The first through hole (19) is a waist hole with the long axis extending direction being the same as the extending direction of the bulge (8), a first notch (21) which is communicated with the first through hole (19) is arranged on the edge of one end of the first side plate (10) far away from the transverse plate (9), and the width of the first notch (21) is smaller than the length of the first through hole (19) along the long axis extending direction of the first through hole (19);

And/or, the second through hole (20) is a waist hole with the extension direction of the long axis being the same as that of the bulge (8), a second opening (22) which is communicated with the second through hole (20) is arranged on the edge of one end of the second side plate (11) far away from the transverse plate (9), and the width of the second opening (22) is smaller than the length of the second through hole (20) along the extension direction of the long axis of the second through hole (20).

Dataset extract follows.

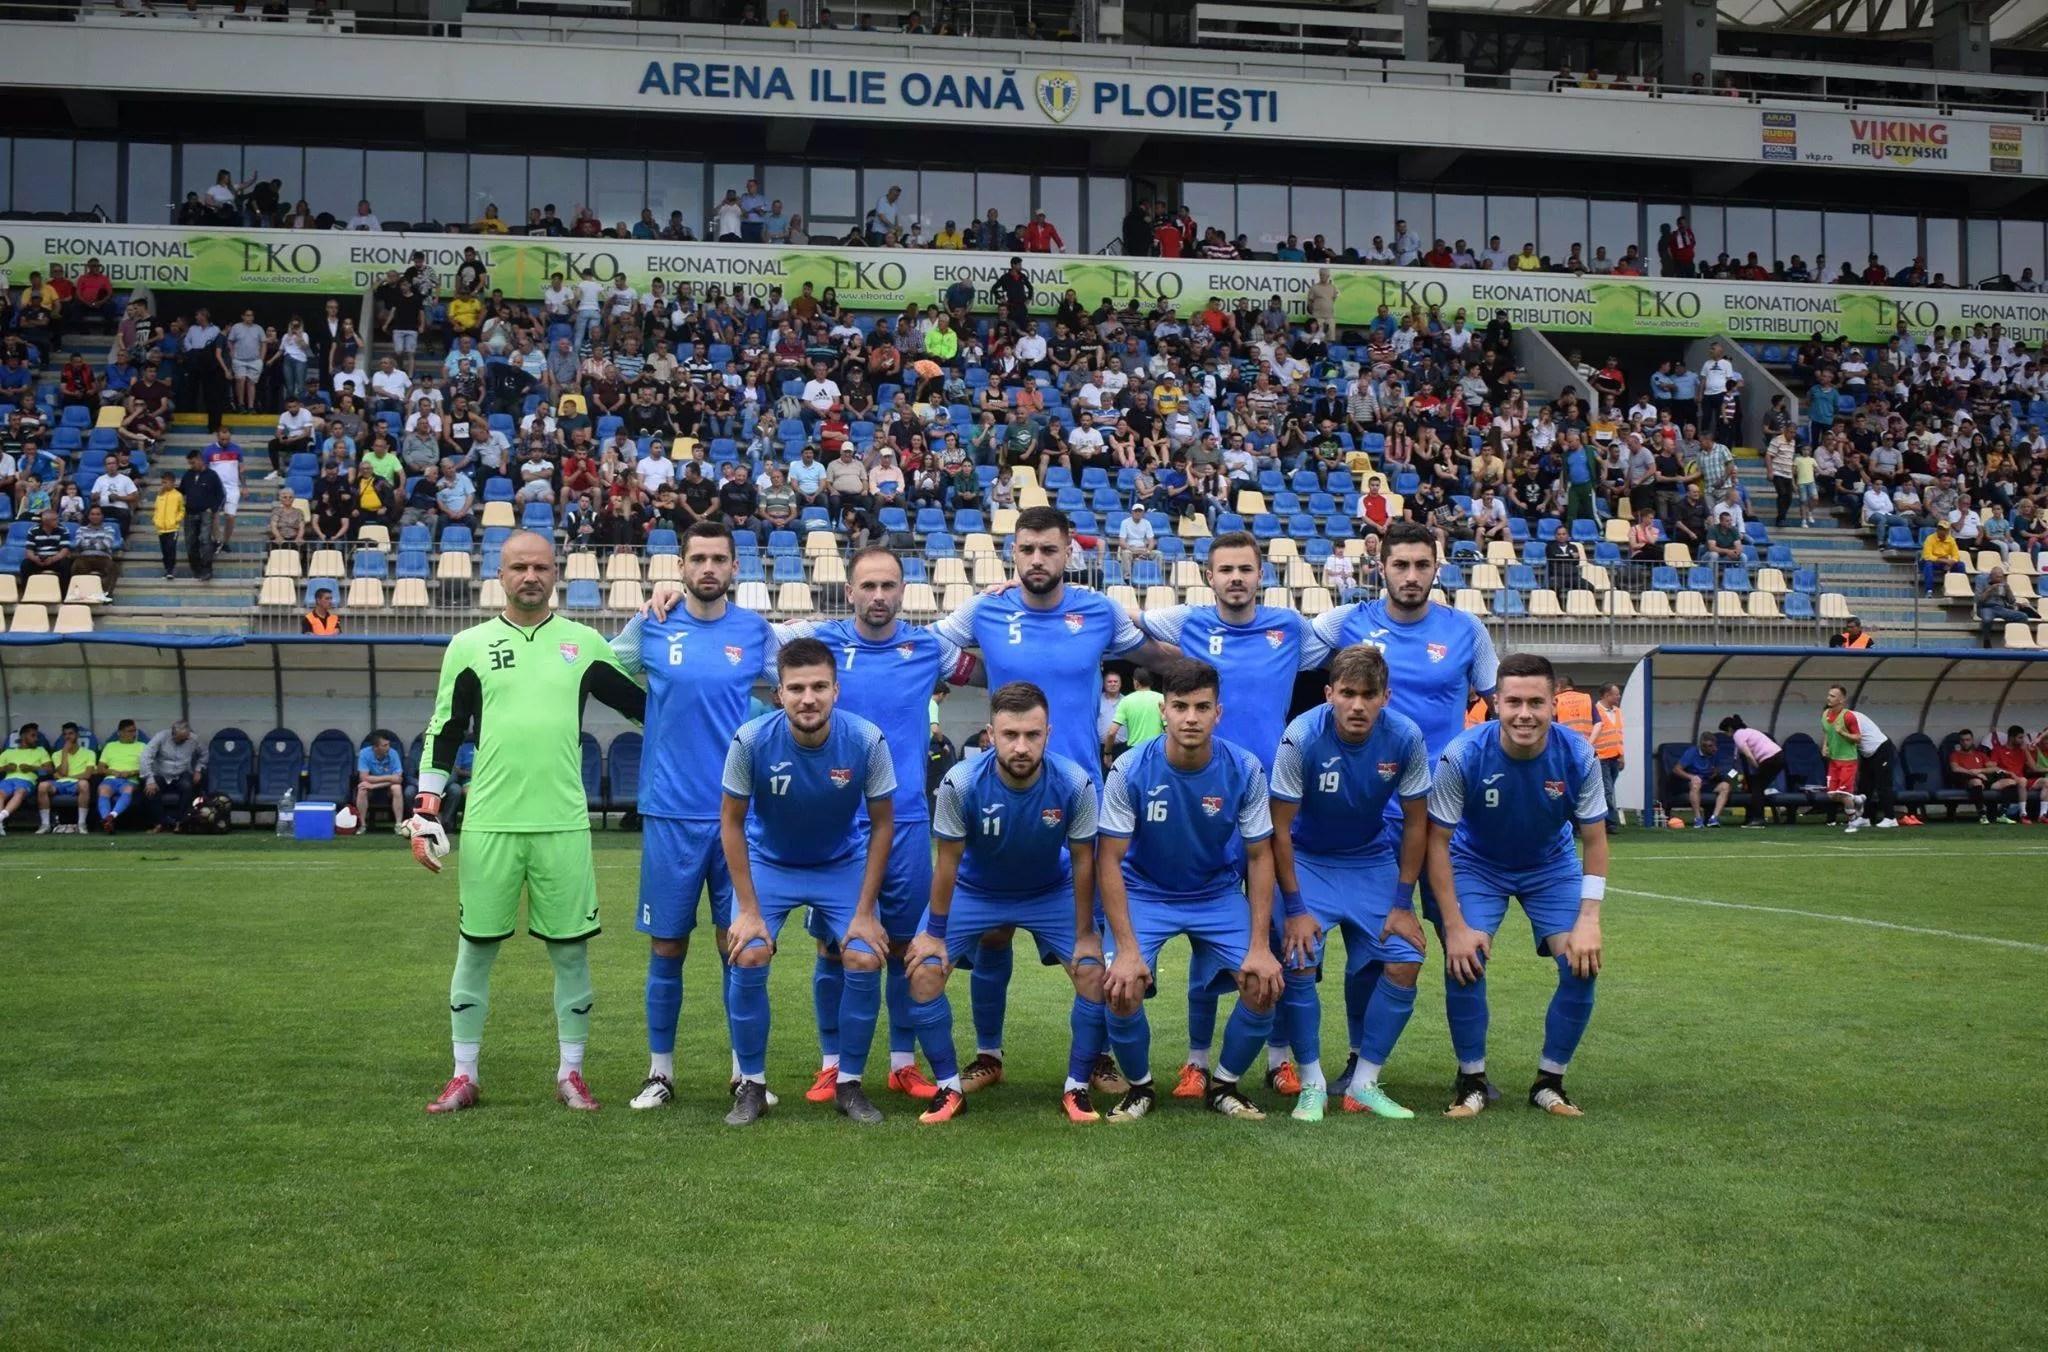 CS Blejoi – primul pas spre promovarea în Liga a III-a? La Izvoarele, în Giurgiu, cu AS Mihai Bravu, pentru X2!

6. The mounting structure of a photovoltaic module according to claim 5, wherein:

the number of the first studs (17) is at least two, the number of the first through holes (19) is equal to the number of the first studs (17) and corresponds to the first studs one by one, and the number of the first openings (21) is equal to the number of the first through holes (19) and corresponds to the first through holes one by one;

And/or the number of the second studs (18) is at least two, the number of the second through holes (20) is equal to the number of the second studs (18) and corresponds to the second studs one by one, and the number of the second openings (22) is equal to the number of the second through holes (20) and corresponds to the second through holes one by one.

7. A mounting structure of a photovoltaic module according to claim 3, characterized in that:

Also comprises a cushion pad (23);

the buffer pad (23) is arranged between the inner wall of the accommodating groove (14) and the surface of the bulge (8), so that the inner wall of the accommodating groove (14) is attached to the surface of the bulge (8) through the buffer pad (23).

8. The mounting structure of a photovoltaic module according to any one of claims 2 to 7, characterized in that:

the connecting part (3) further comprises a mounting plate (24) and a connecting plate (25);

The photovoltaic module comprises a base (6), a mounting plate (24) and a second mounting hole (26) are formed in the mounting plate (24), the mounting plate (24) is fixedly connected to the base (6) through a connecting plate (25), and the photovoltaic module (1) is connected to the mounting plate (24) through a threaded fastener (27) penetrating through the second mounting hole (26).

9. The mounting structure of a photovoltaic module according to claim 8, wherein:

When base (6) include diaphragm (9), first curb plate (10) and second curb plate (11), the one end of connecting plate (25) with diaphragm (9) fixed connection, the other end orientation is kept away from the direction of diaphragm (9) extends, mounting panel (24) fixed connection be in connecting plate (25) keep away from the one end of diaphragm (9) and with diaphragm (9) are parallel.

10. The mounting structure of a photovoltaic module according to claim 8, wherein:

The second mounting hole (26) is a waist hole.